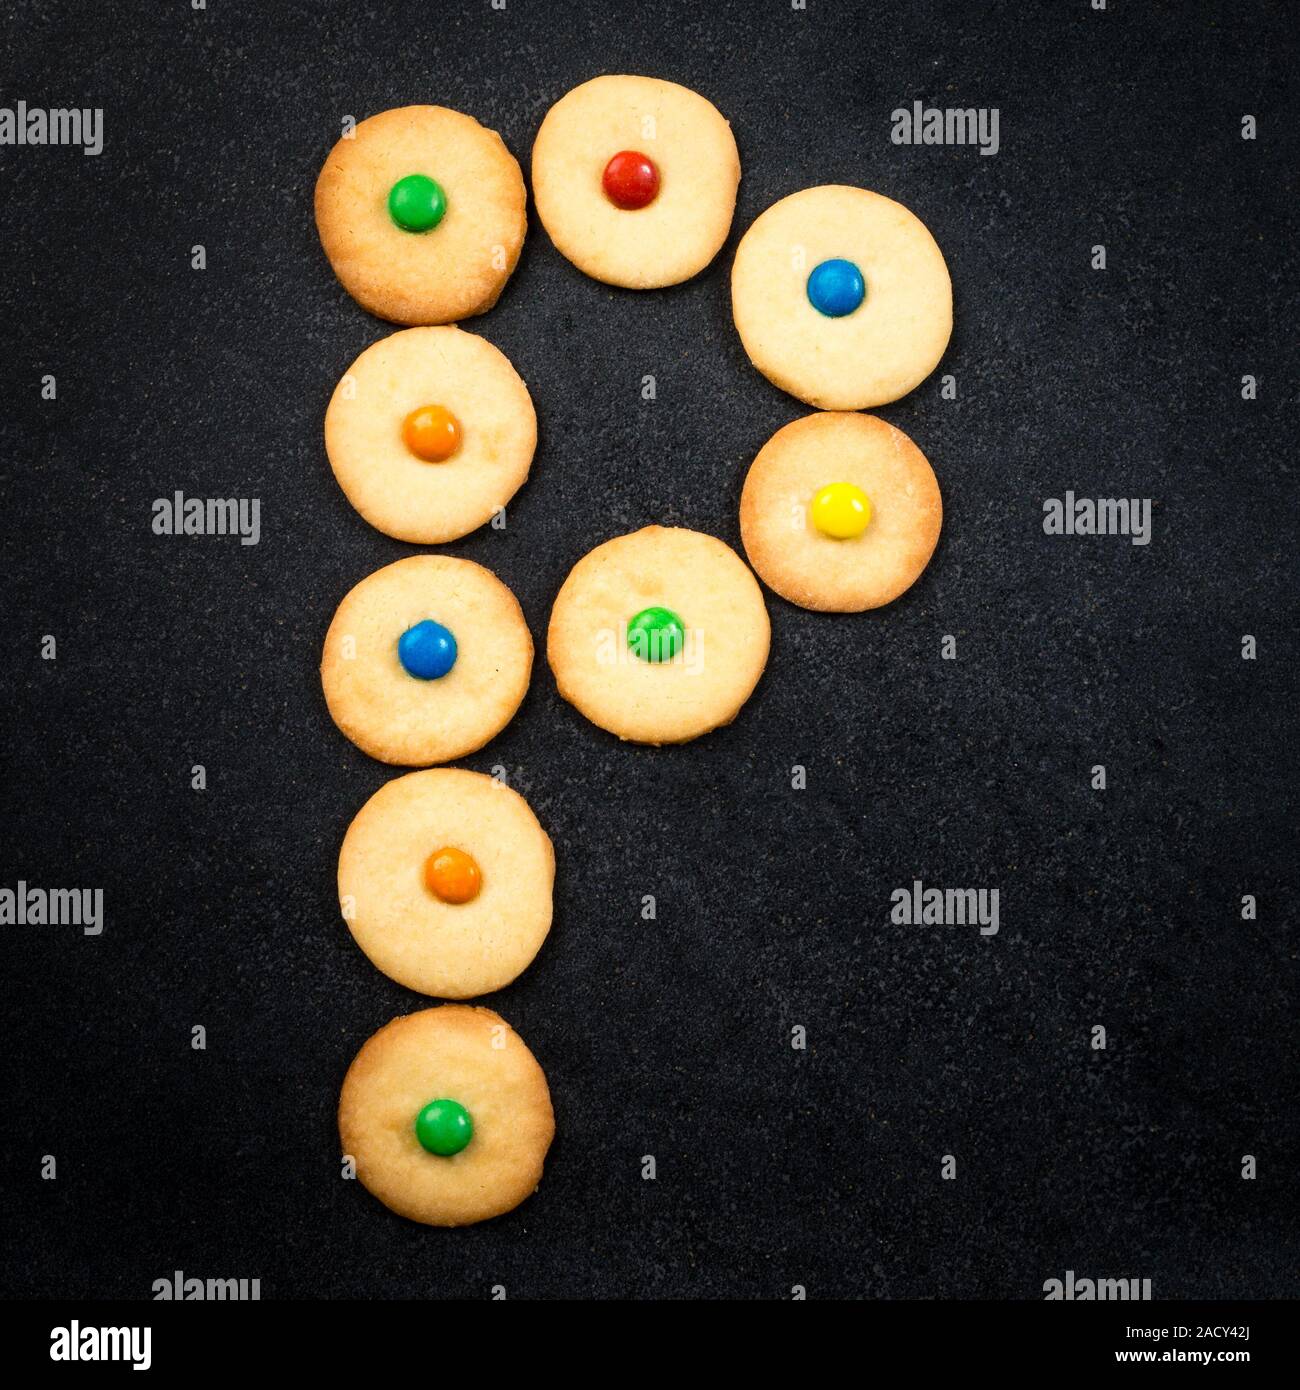 Homemade child cookies - P letter of the alphabet Stock Photo
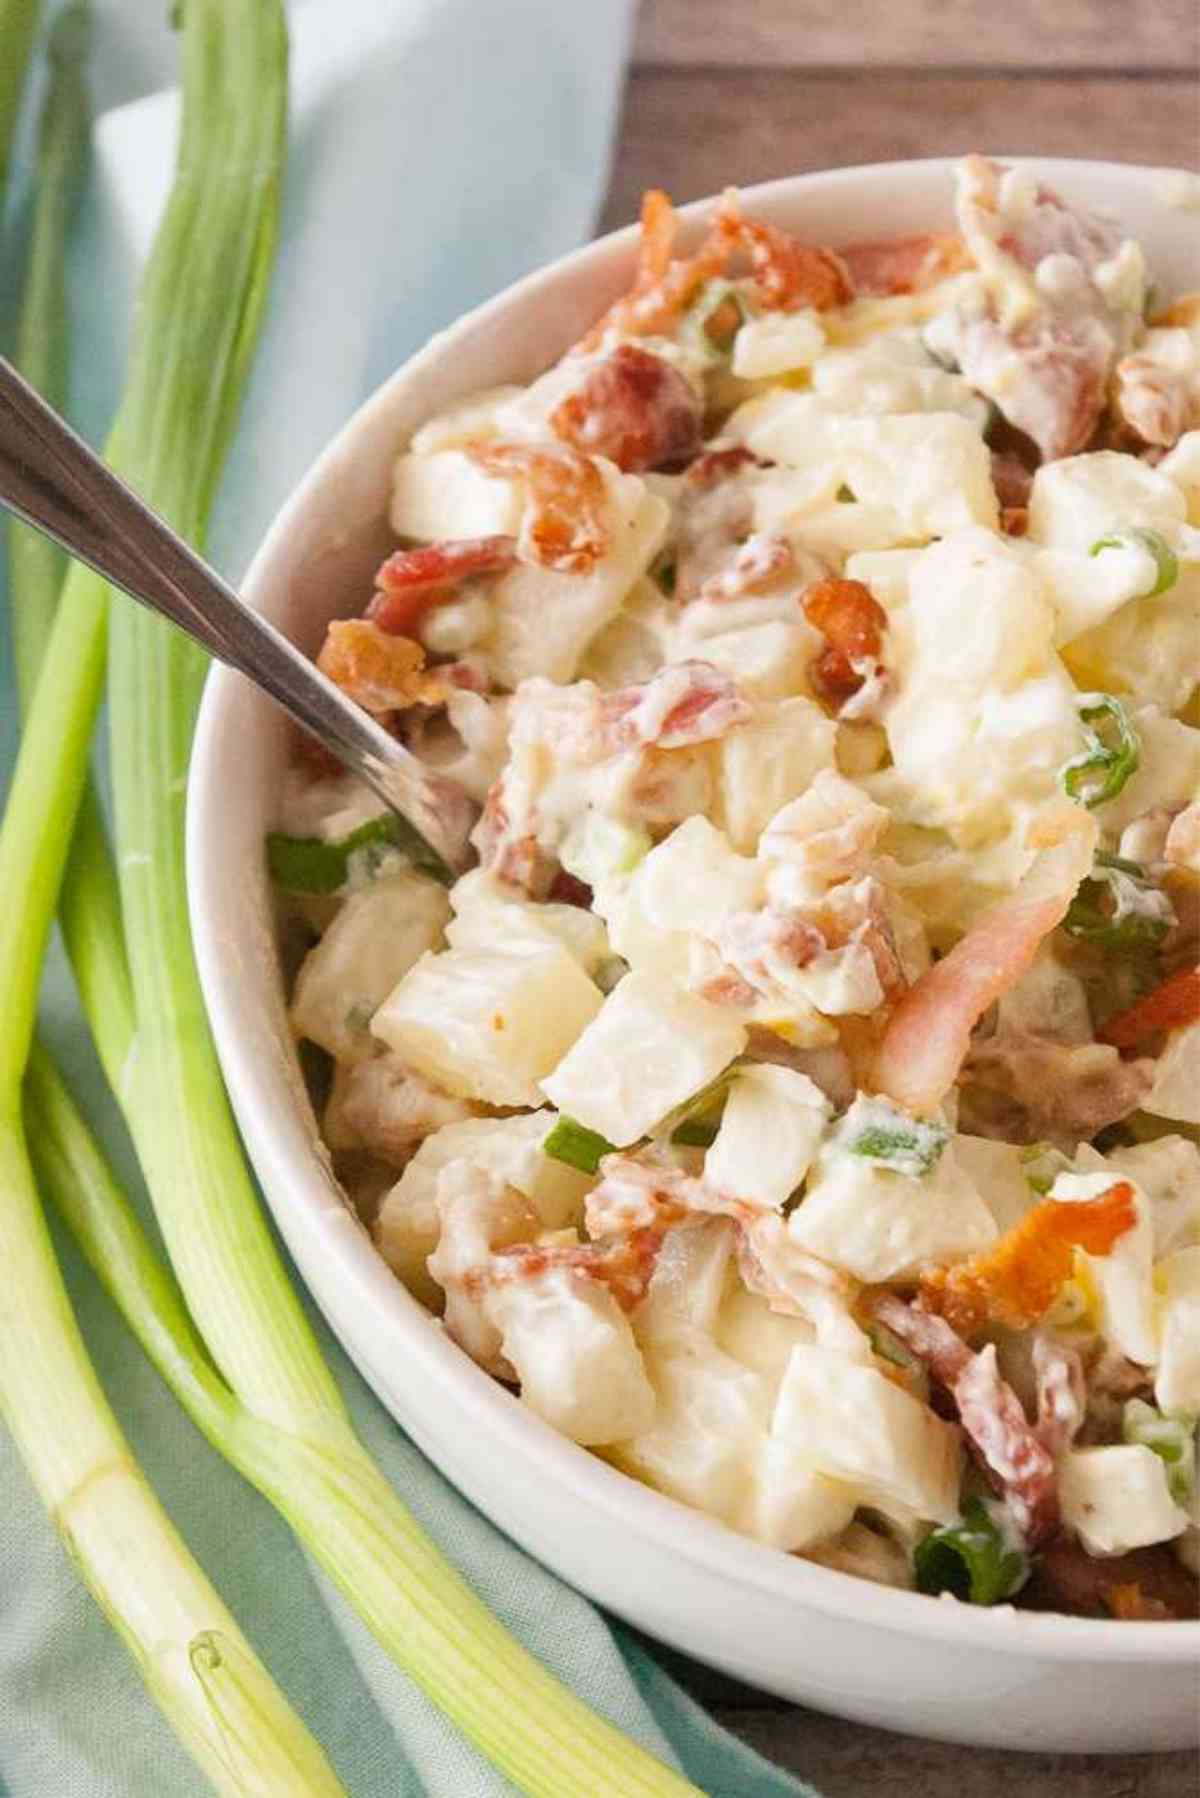 A bowlful of dill pickle potato salad garnished with green onions.
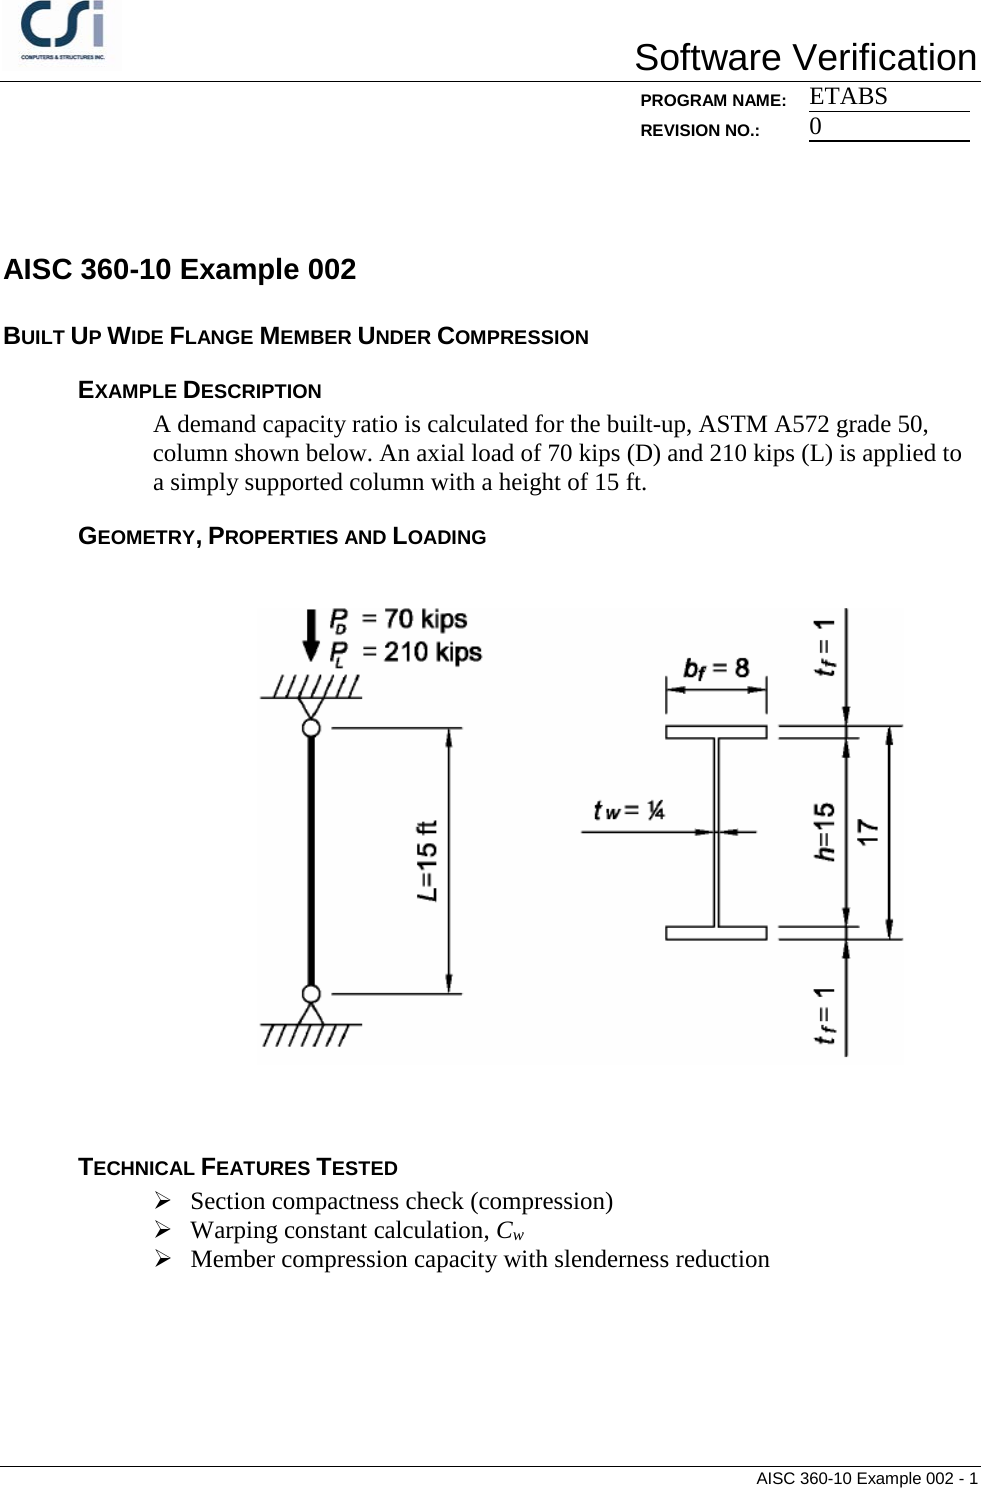 Contents Aisc 360 10 Example 002

════════

__Task goal__
Could you repeat all of the data exactly, minus the pictures?

__Exercise output__
 Homemade child cookies - P letter of the alphabet Stock Photo
 A bowlful of dill pickle potato salad garnished with green onions.
 Contents Aisc 360 10 Example 002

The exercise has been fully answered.